A randomized clinical trial of 60 patients found that glucocorticoid injections into the infrapatellar fat pad (IPFP)  did not significantly reduce pain scores in patients with  inflammatory knee osteoarthritis (compared to placebo).

Intra-articular glucocorticoid injections are widely used to alleviate knee OA pain, but studies show only short term symptomatic benefits while others suggests these injections may cause cartilage loss. 

This study evaluated the effect and safety of glucocorticoid injections into the IPFP in individuals with inflammatory knee OA (established by ultrasound [US] findings).

A total of 60 adult (>45 yrs) inflammatory OA patients were randomized, into a double-blind, placebo-controlled trial at 4 centers in China (between April 2022 and June 2023). Patients (30 each group) were treated with either glucocorticoid or saline injections into the IPFP with hyaluronic acid as background treatment under US guidance.  The primary outcomes were assessed at 12 weeks as changes in visual analog scale (VAS) knee pain and effusion synovitis volume measured by magnetic resonance imaging (MRI). Secondary outcomes included changes in the total score of the Western Ontario and McMaster Universities Osteoarthritis Index (WOMAC), MRI-detected Hoffa synovitis score, quality of life assessed using the 4-dimensional Assessment of Quality of Life, pain medication use, IPFP volume, and adverse reactions. 
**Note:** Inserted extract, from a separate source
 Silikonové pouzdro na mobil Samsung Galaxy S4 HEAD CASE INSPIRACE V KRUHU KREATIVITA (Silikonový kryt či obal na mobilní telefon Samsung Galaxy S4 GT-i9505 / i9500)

Among the 60 participants, 63% were women and the mean age was 65 years.  Pain reduction at week 12 was not significant:

  • IA GC: −39.3 mm
  • Placebo: −31.4 mm; between-group difference, −7.9 mm; 95% CI, −19.7 to 4.0 mm).
  • Also no significant difference in effusion volume reduction (−4.9 mL vs −5.4 mL)
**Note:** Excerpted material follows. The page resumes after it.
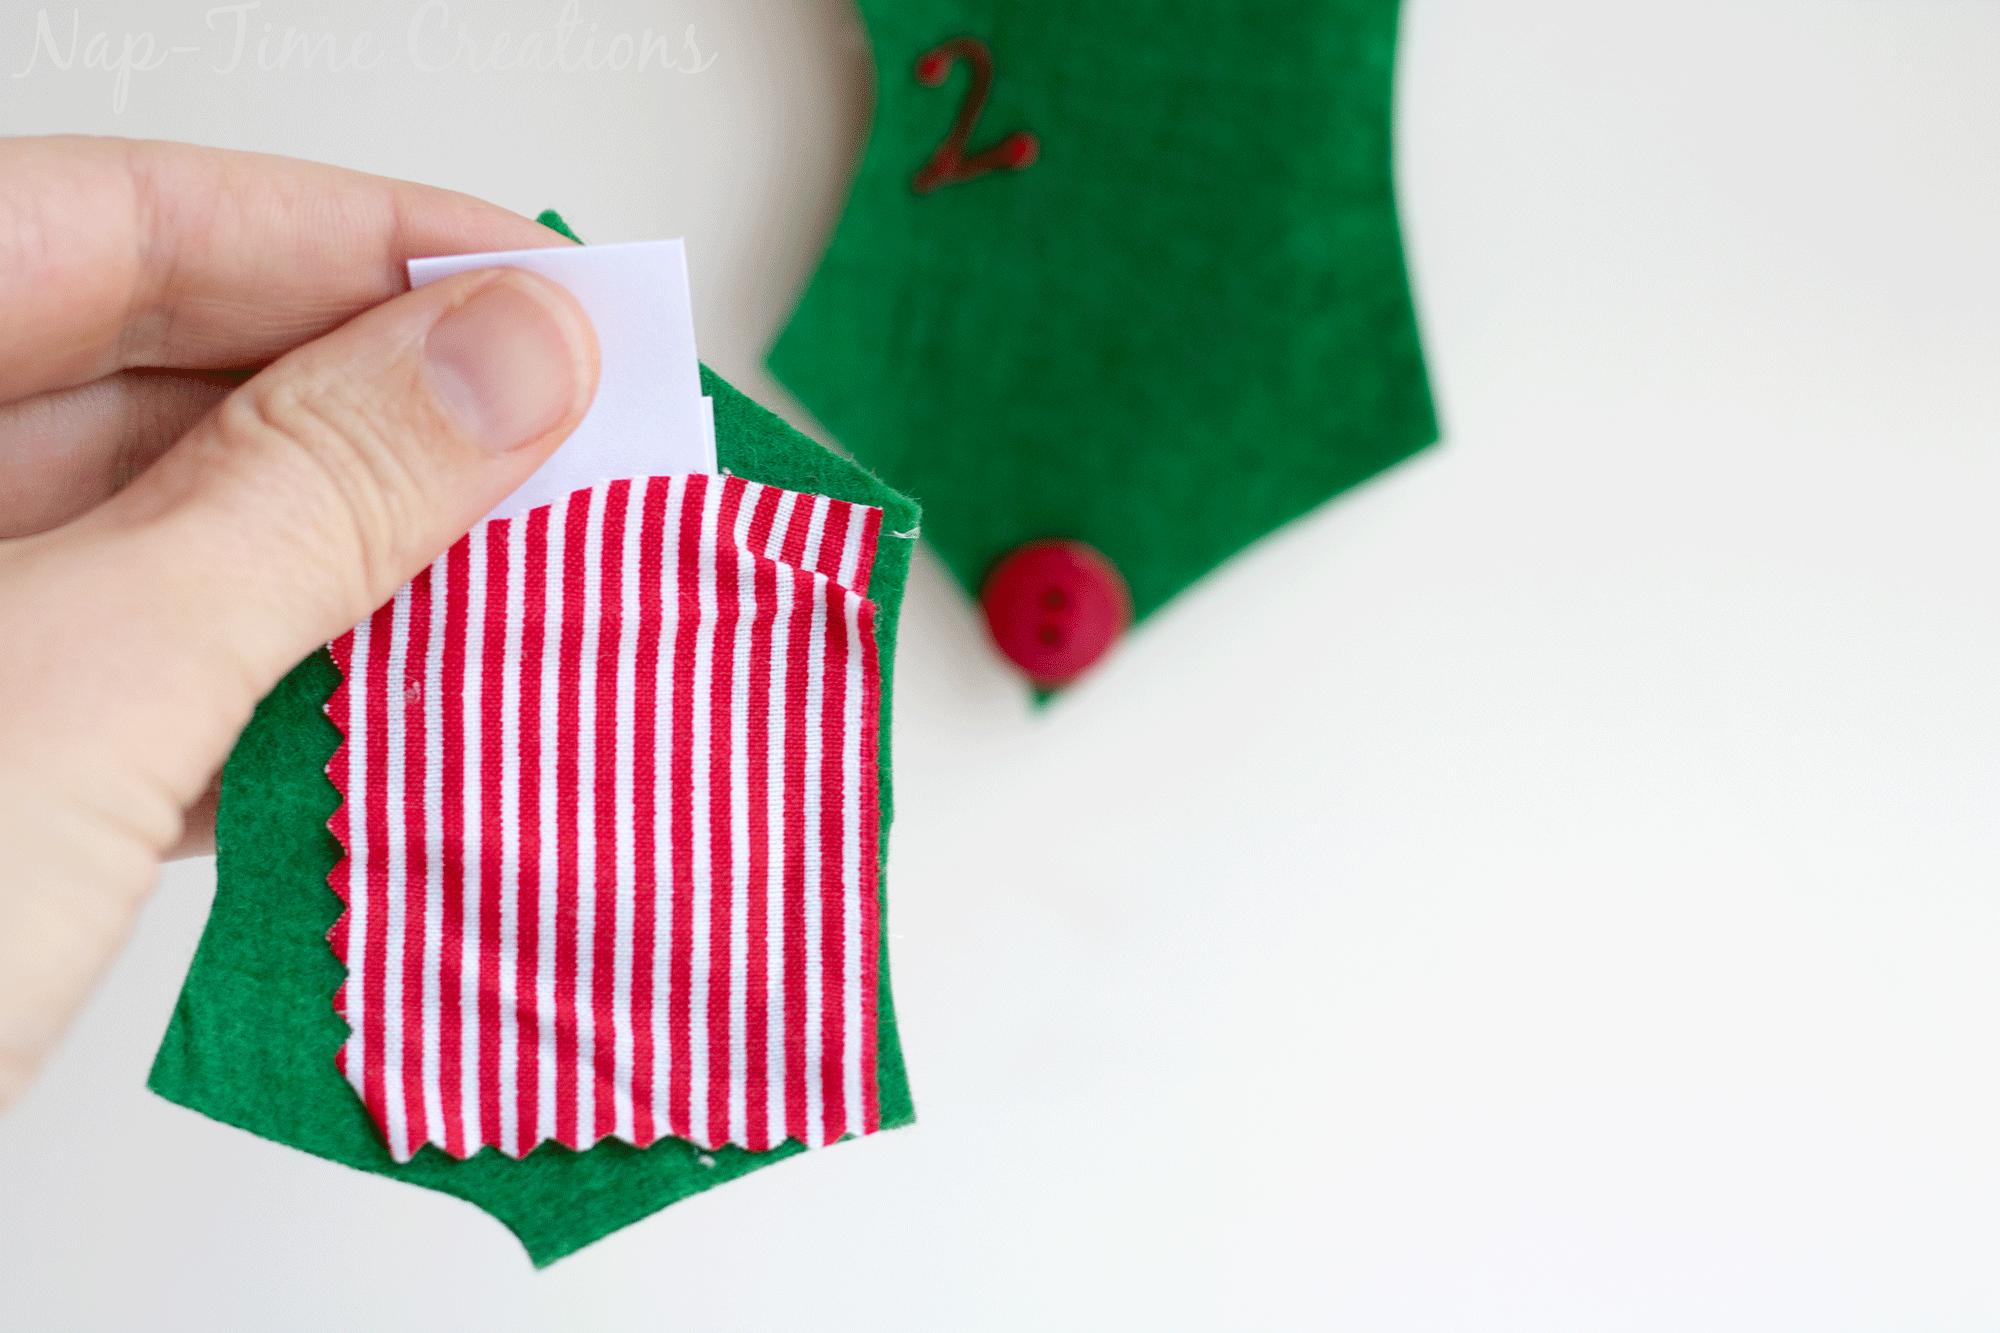 holly-jolly-christmas-countown-calendar-12

The treatment group had significantly greater reduction in the WOMAC pain score (−113 vs −66.8 points; between group difference, −46.2 points; 95% CI, −90.0 to −2.4 points; P = .04) and cartilage defect (−0.1 vs 0.4; between-group difference, −0.5; 95% CI, −1.0 to −0.1; P = .03). 

In this RCT, IA glucocorticoid injections into the knee did not alleviate knee pain by VAS (0-100mm) or reduce effusion synovitis volume in inflammatory knee OA. These data question the utility of such intervention. 
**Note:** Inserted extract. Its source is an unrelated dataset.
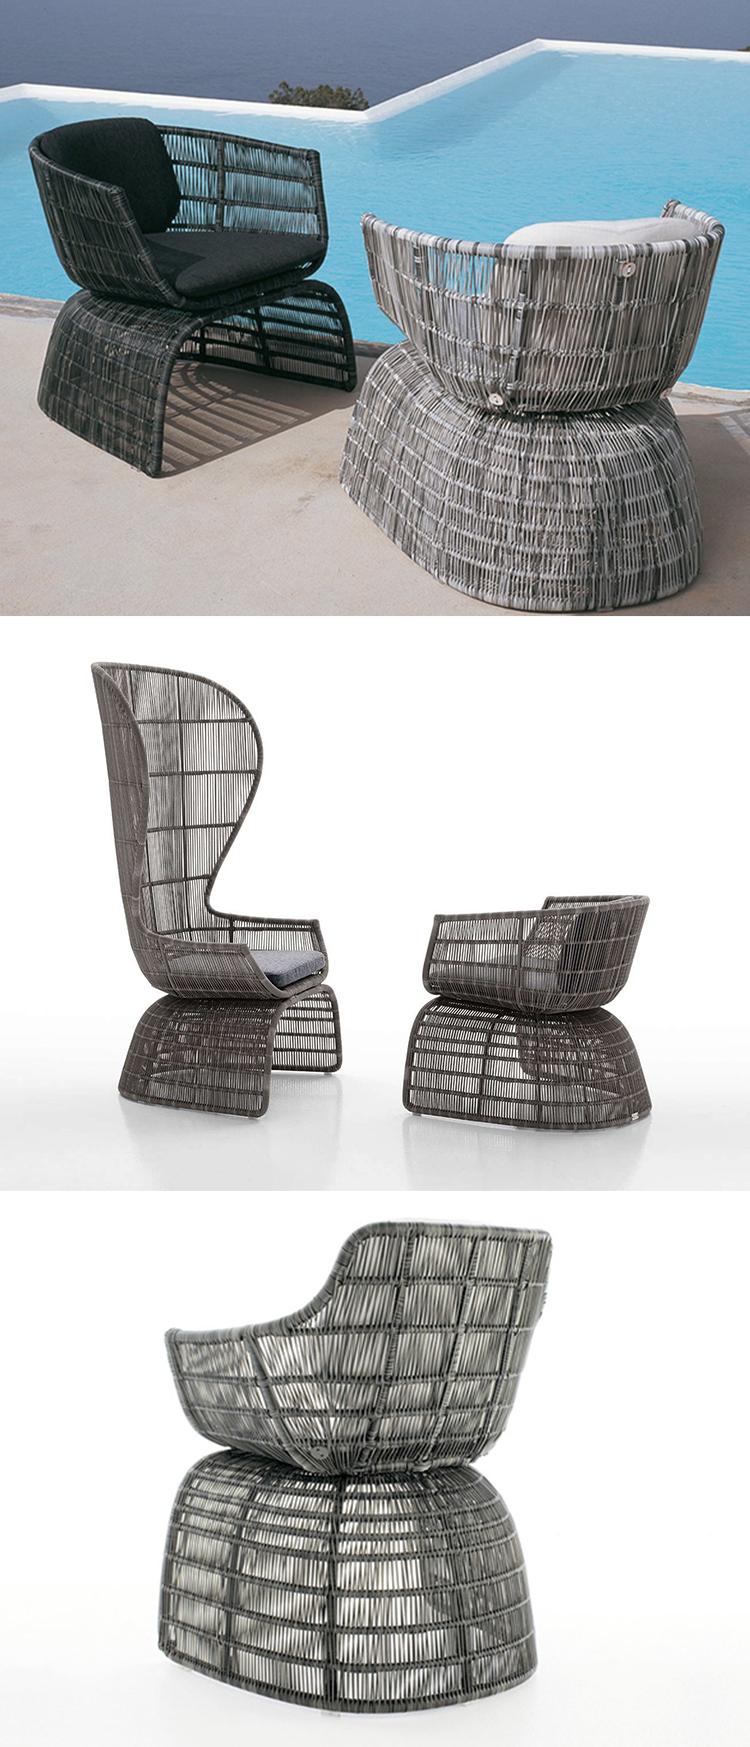 New design muebles terraza rattan outdoor furniture sofa set

Infrapatellar Fat Pad Glucocorticoid Injection for Pain in Knee Osteoarthritis
 

Join The Discussion

Donald E Thomas Jr

| Jan 06, 2026 6:08 pm

OK... who in their right mind would inject the infrapatellar fat pad?!? those are NOT intra-articular injections. Those of us who use US-guided injections and know the medication (cortisone, Zilretta, hyaluronate, ketorolac) 100% gets into the joint and we do see fantastic results. I'll put this on my list of "what were they thinking?" studies.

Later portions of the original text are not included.